The size of the global gold stock is limited and fairly precisely measurable. Worldwide, there are 216,000 tons of gold, equating to a volume of 11,200 m³—forming a cube with a side length of 22.3 meters.
Globally, it was again the central banks pushing gold prices higher this year. The Polish, Chinese, and Turkish central banks stand out. Combined, central banks are expected to add roughly 1,000 tons of gold to their vaults this year—a figure well above the long-term average of 400–500 tons. As mentioned: danger is imminent.
This massive buying suggests that central bankers know full well we are facing a global debt problem—or may already be in the eye of the storm. Interest rates are rising in almost every economy, prompting investors to demand higher risk premiums on sovereign bonds from highly indebted states. The U.S., with over 120 percent debt, joins France (~117 percent) and Italy (~136 percent). Even Germany, currently an exception at 65 percent debt, plans a significant buildup in the coming years. Overstretched welfare states and additional burdens from migration-related crises push public budgets further into deficit, only offset by continuously growing bond volumes.
When central banks step in and take on large parts of this new debt, the credit money supply grows alongside the actual credit process, driving inflation in both goods and asset prices.
Subordinating monetary policy to fiscal mandates has created a powerful political unit. Debt policy becomes the norm, and the natural causality between deficit, higher taxes, and inflation is systematically stretched out over time. Who today links rising food prices or the precious metal boom to the Federal Reserve or the ECB?
Private investors feel the pressure, too: German households, for instance, bought about 9,000 tons of gold this year in the form of jewelry, goods, and coins.
Growing private and institutional demand for safe assets, which shows no sign of abating and is expected to continue into 2026, points to a severe trust crisis. Rising sovereign bond yields—especially in Japan, with debt around 230 percent—have reached alarming levels, scaring investors and exposing the depth of the trust crisis. A storm is brewing—and Japan may well be where it begins.
For years, Japan served as a carry trade hub: borrowing cheaply in yen and investing elsewhere for higher returns with limited currency risk. Rising rates there could abruptly make these long-standing financing models unprofitable.
The foundation of the international financial market, largely built on U.S. Treasuries, risks destabilization. Options to hedge against the monetary excess—central banks taking on massive state debts—are limited.
Gold remains one of the safest havens. For those preferring more volatility, Bitcoin is digital gold: serving the same purpose, independent of state creditworthiness, and operating as a self-contained economic ecosystem.
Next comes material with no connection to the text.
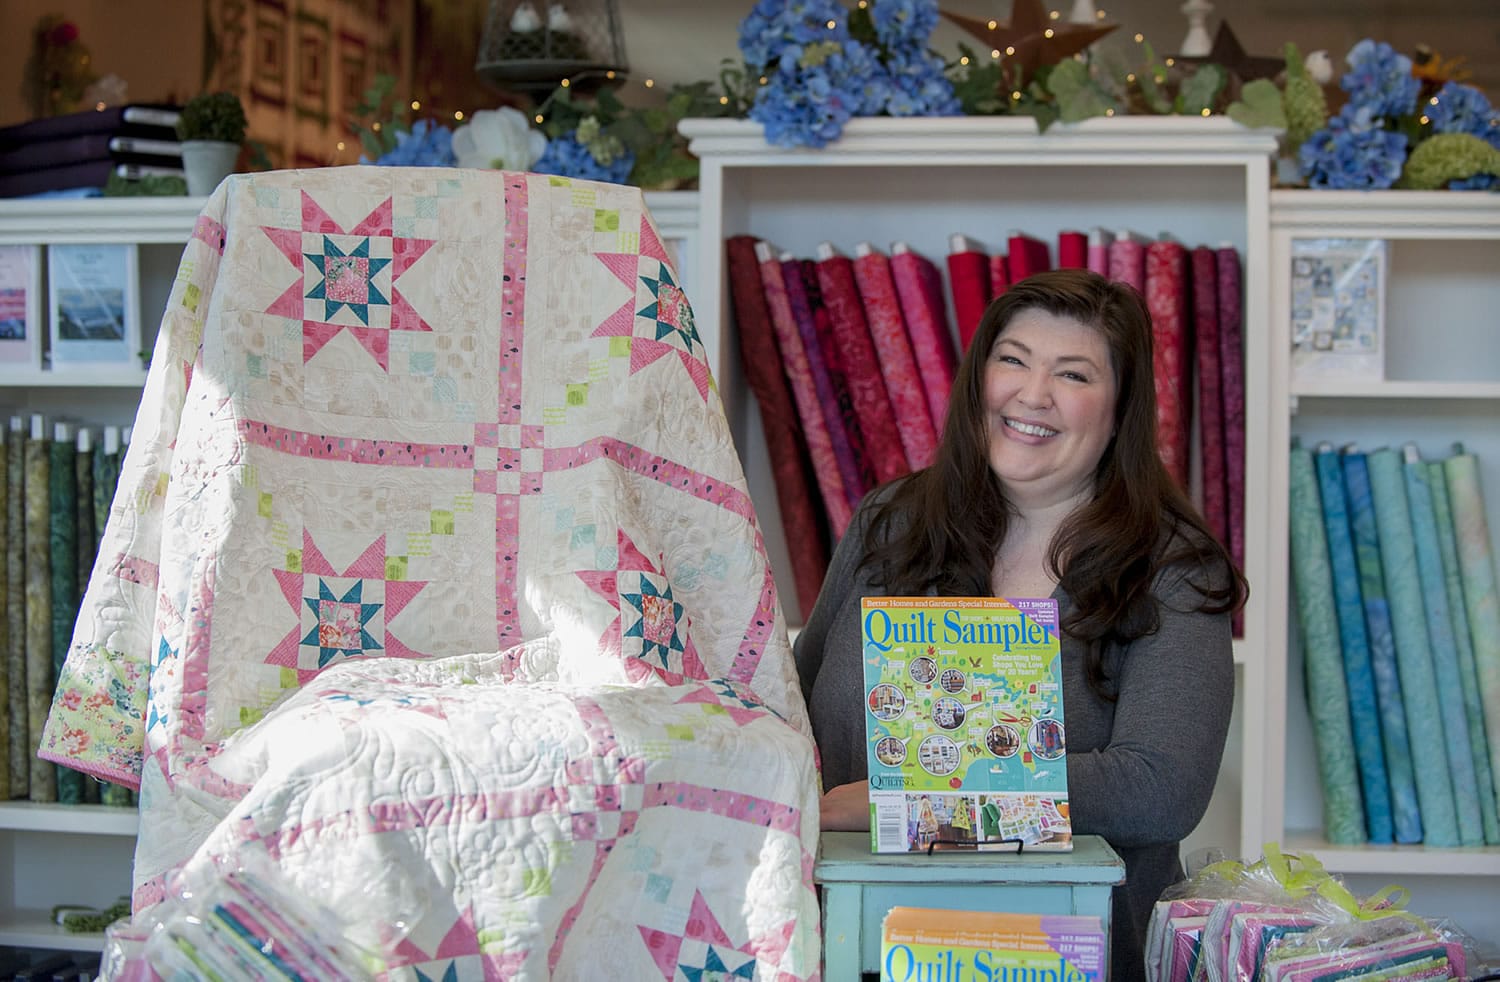 Cheran Bee, owner-operator of Fiddlesticks, shows a quilt that was featured in Better Homes and Gardens Quilt Sampler.

As if one more proof were needed that a storm might hit capital markets, Italy—one of the Eurozone's three pillars—has gone on the offensive. The country is working to legally transfer gold stored at the Italian central bank to state ownership.
Does Prime Minister Giorgia Meloni foresee that in a Euro crisis, the ECB might tap national gold reserves to stabilize the common currency?
How far has the trust crisis in capital markets already advanced? The new year may soon give us a clearer answer to this pressing question.